EXERCISE —
Starting at the line with "7d9f43334f9c Miu Miu Sunglasses Sale Ebay", return every line through the final one of the data, word for word. Pictures stay out.

SOURCE MATERIAL —
+ + +
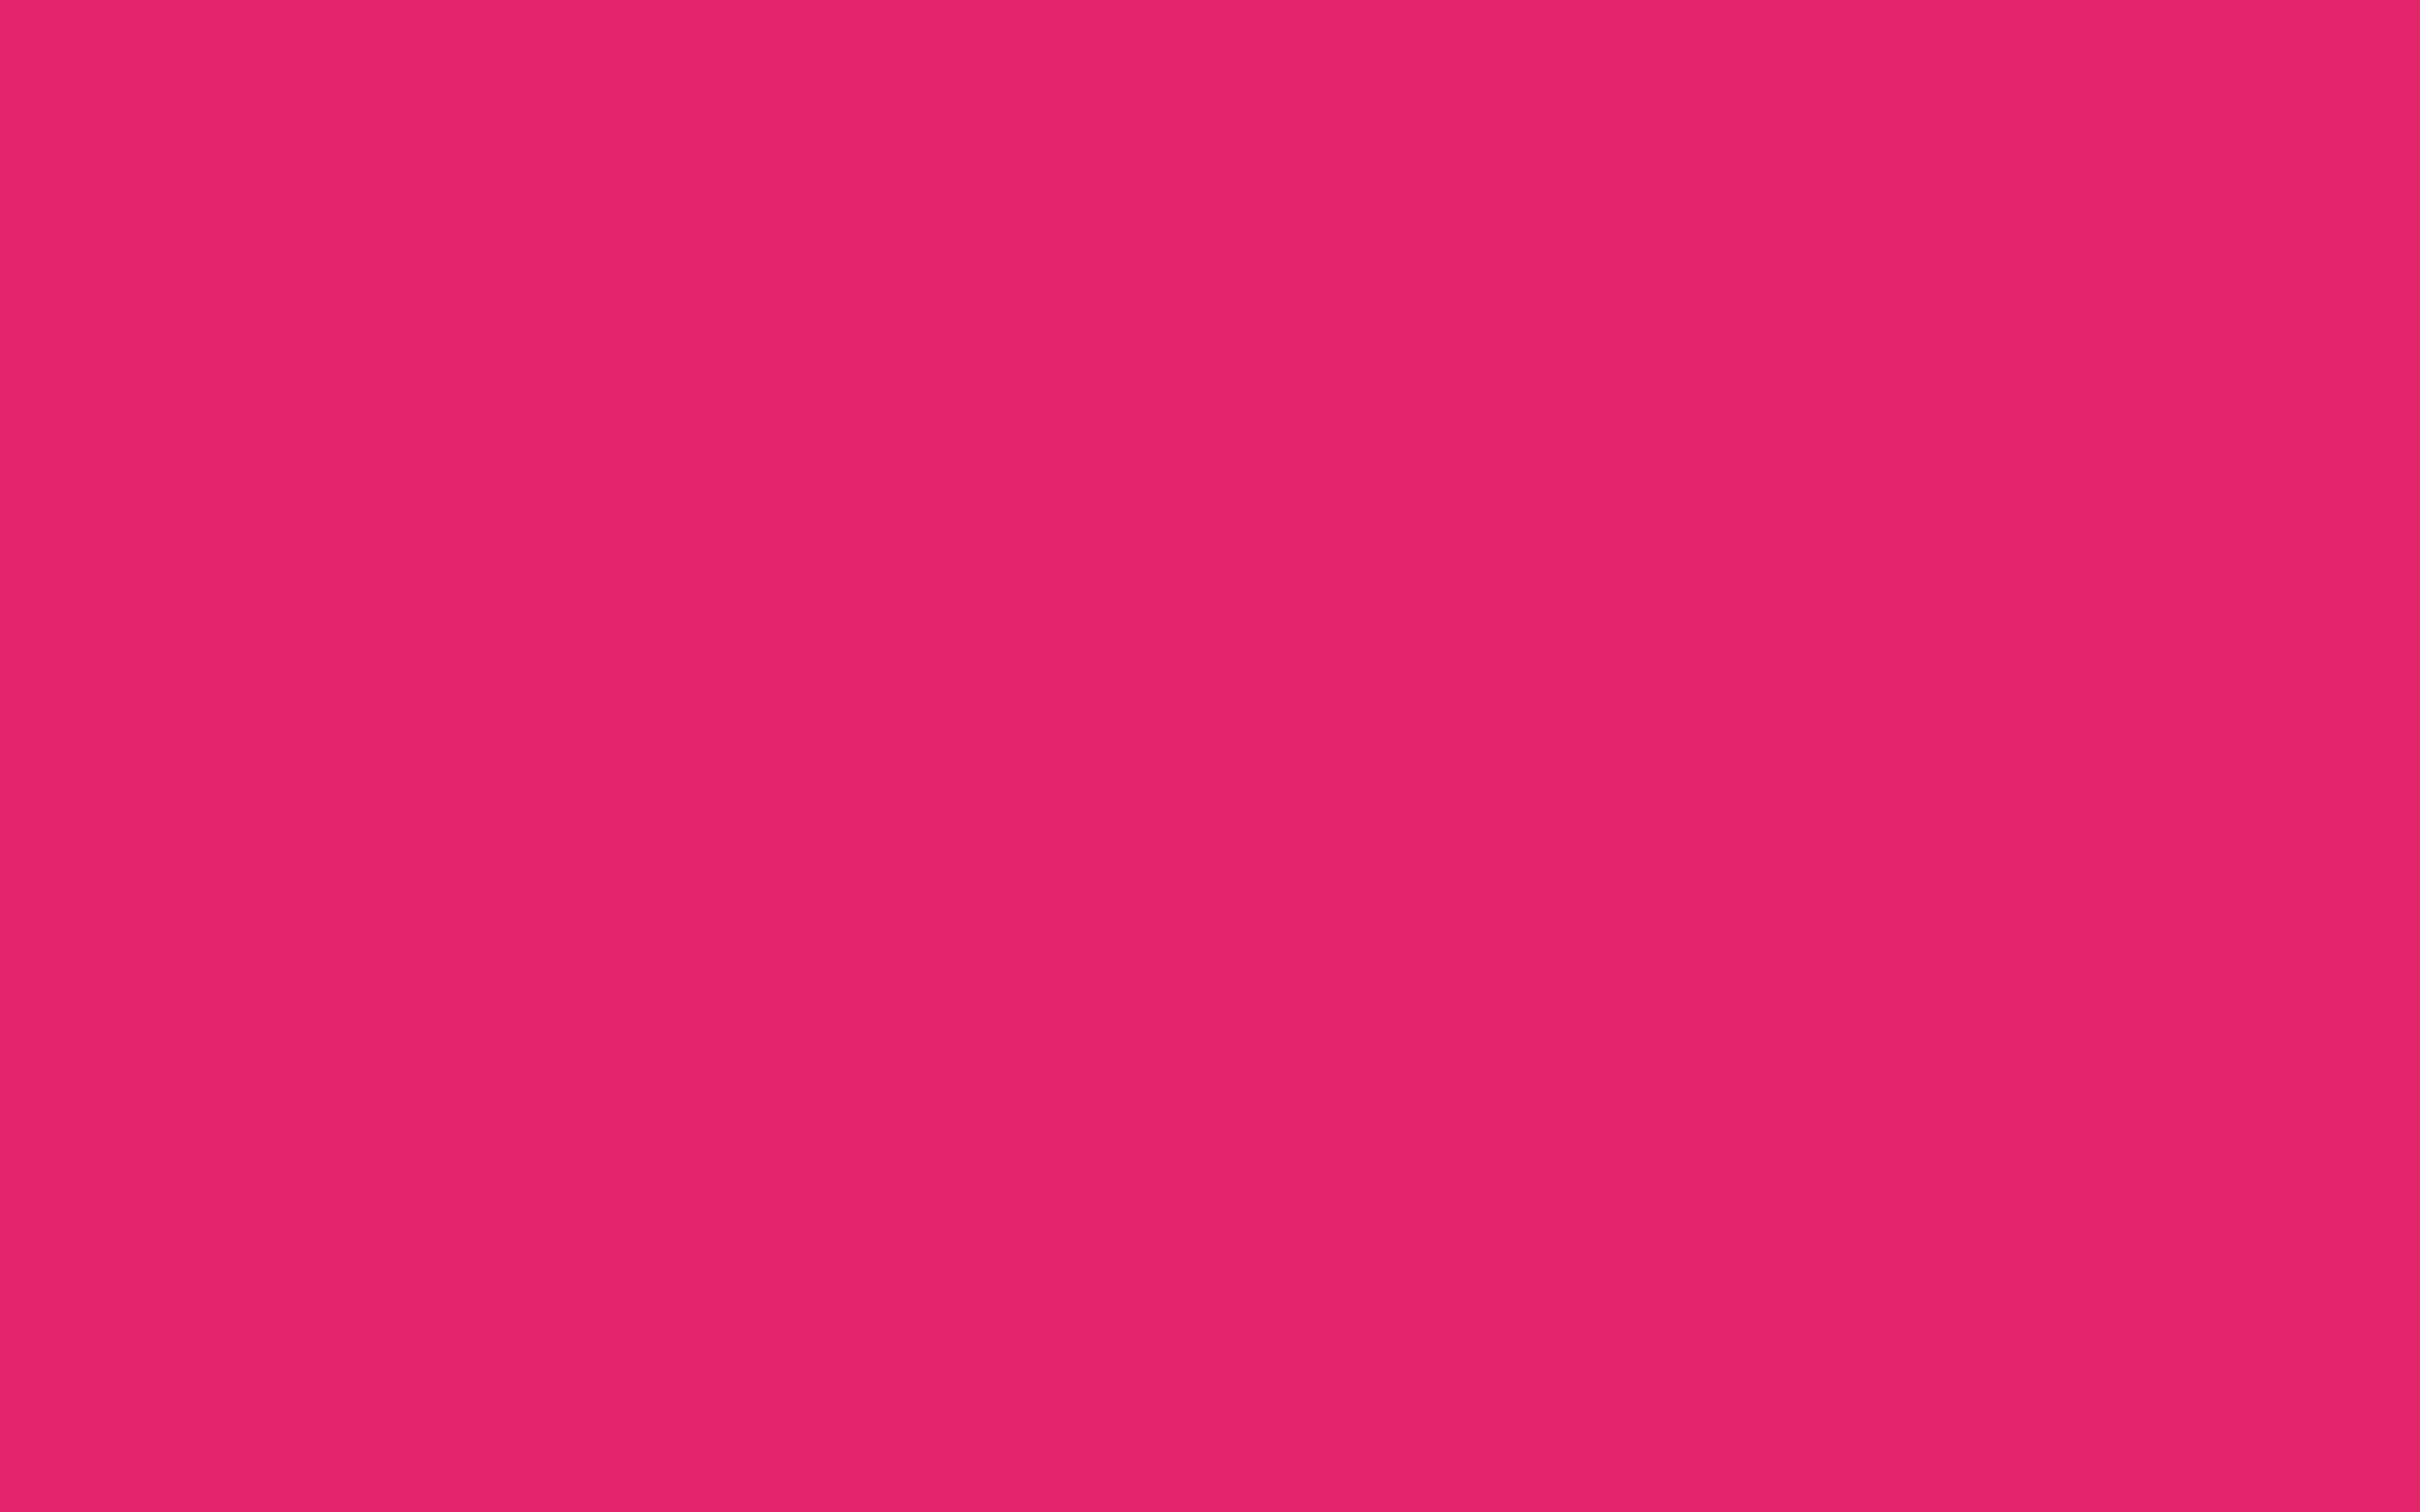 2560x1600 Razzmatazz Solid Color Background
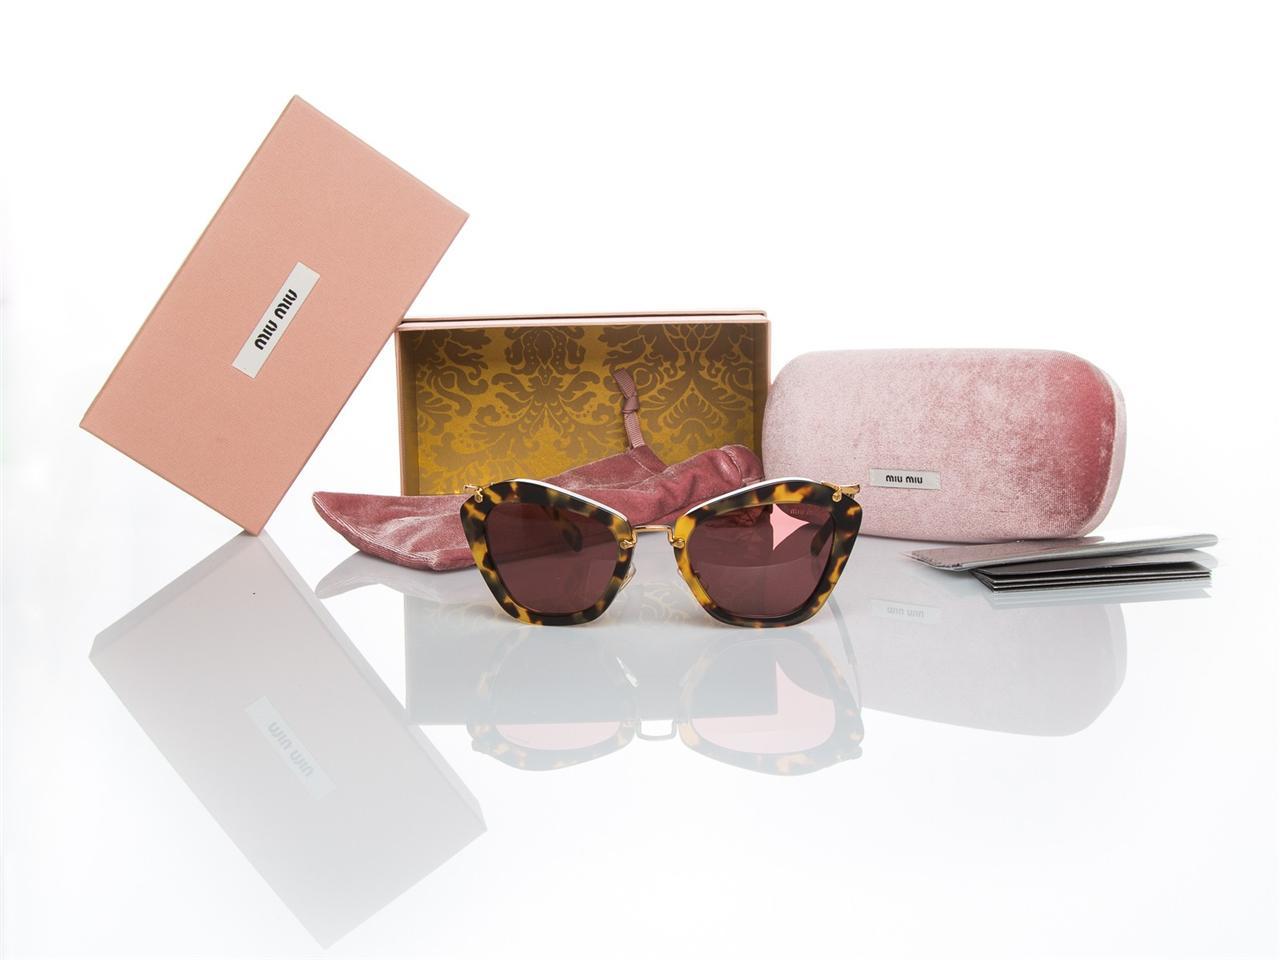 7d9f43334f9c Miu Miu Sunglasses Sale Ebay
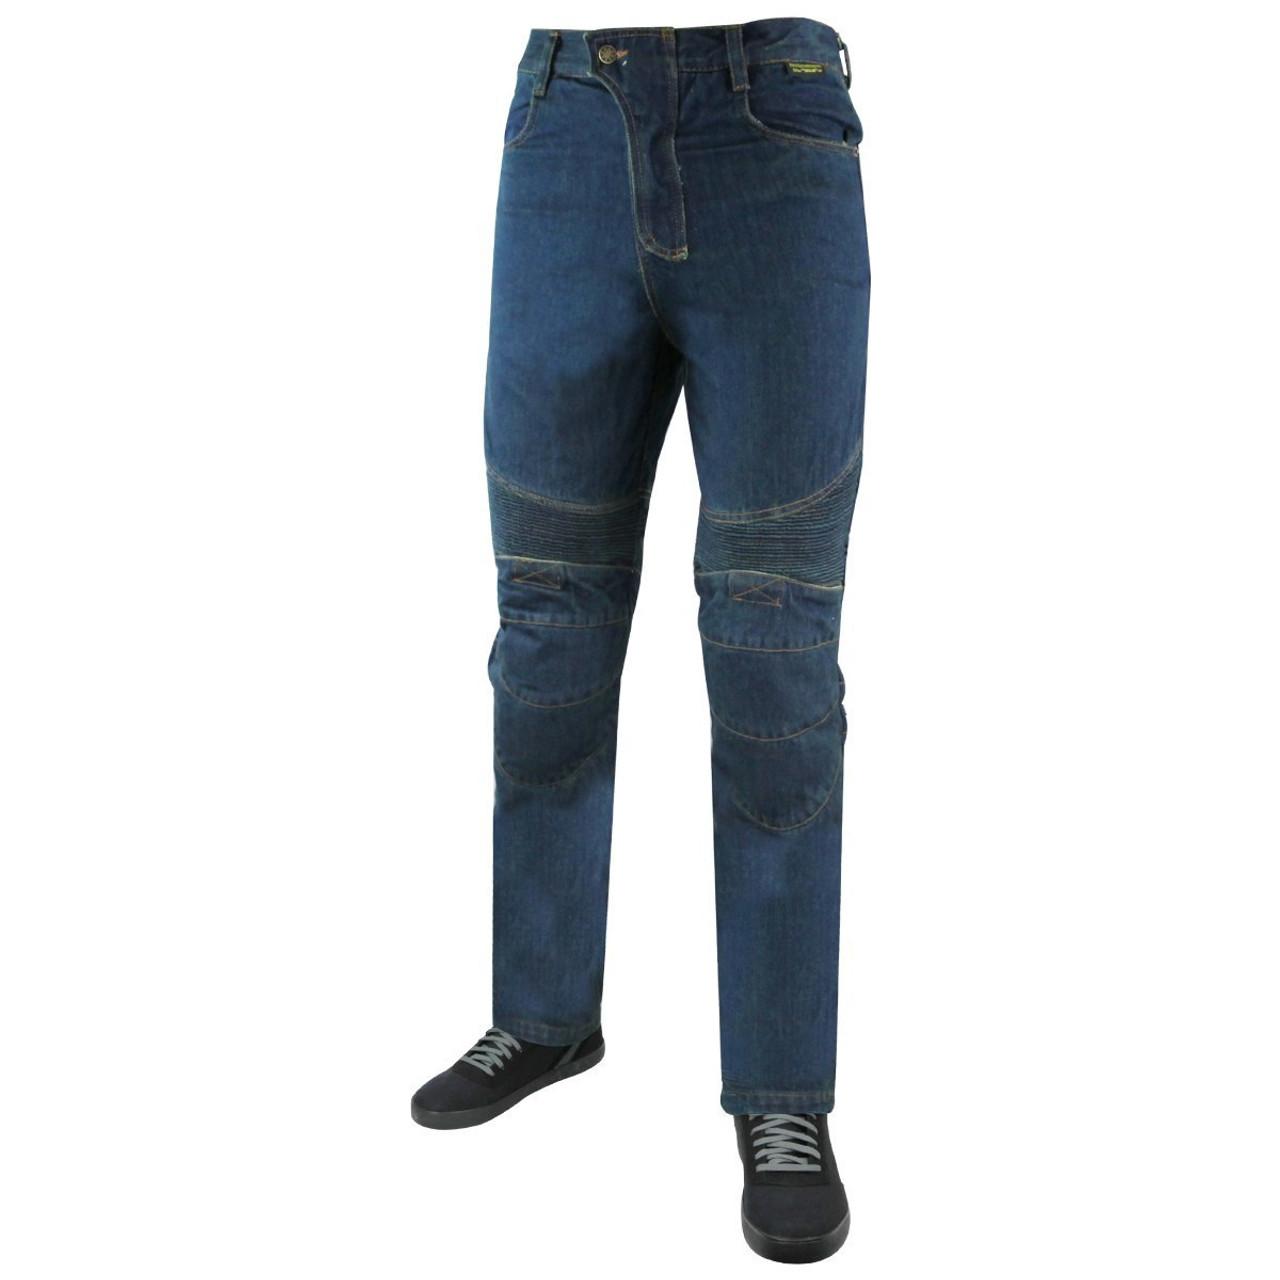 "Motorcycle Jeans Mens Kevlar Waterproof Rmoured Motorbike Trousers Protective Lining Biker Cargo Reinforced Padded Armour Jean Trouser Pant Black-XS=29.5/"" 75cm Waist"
+ + +
RESULT —
 7d9f43334f9c Miu Miu Sunglasses Sale Ebay
 "Motorcycle Jeans Mens Kevlar Waterproof Rmoured Motorbike Trousers Protective Lining Biker Cargo Reinforced Padded Armour Jean Trouser Pant Black-XS=29.5/"" 75cm Waist"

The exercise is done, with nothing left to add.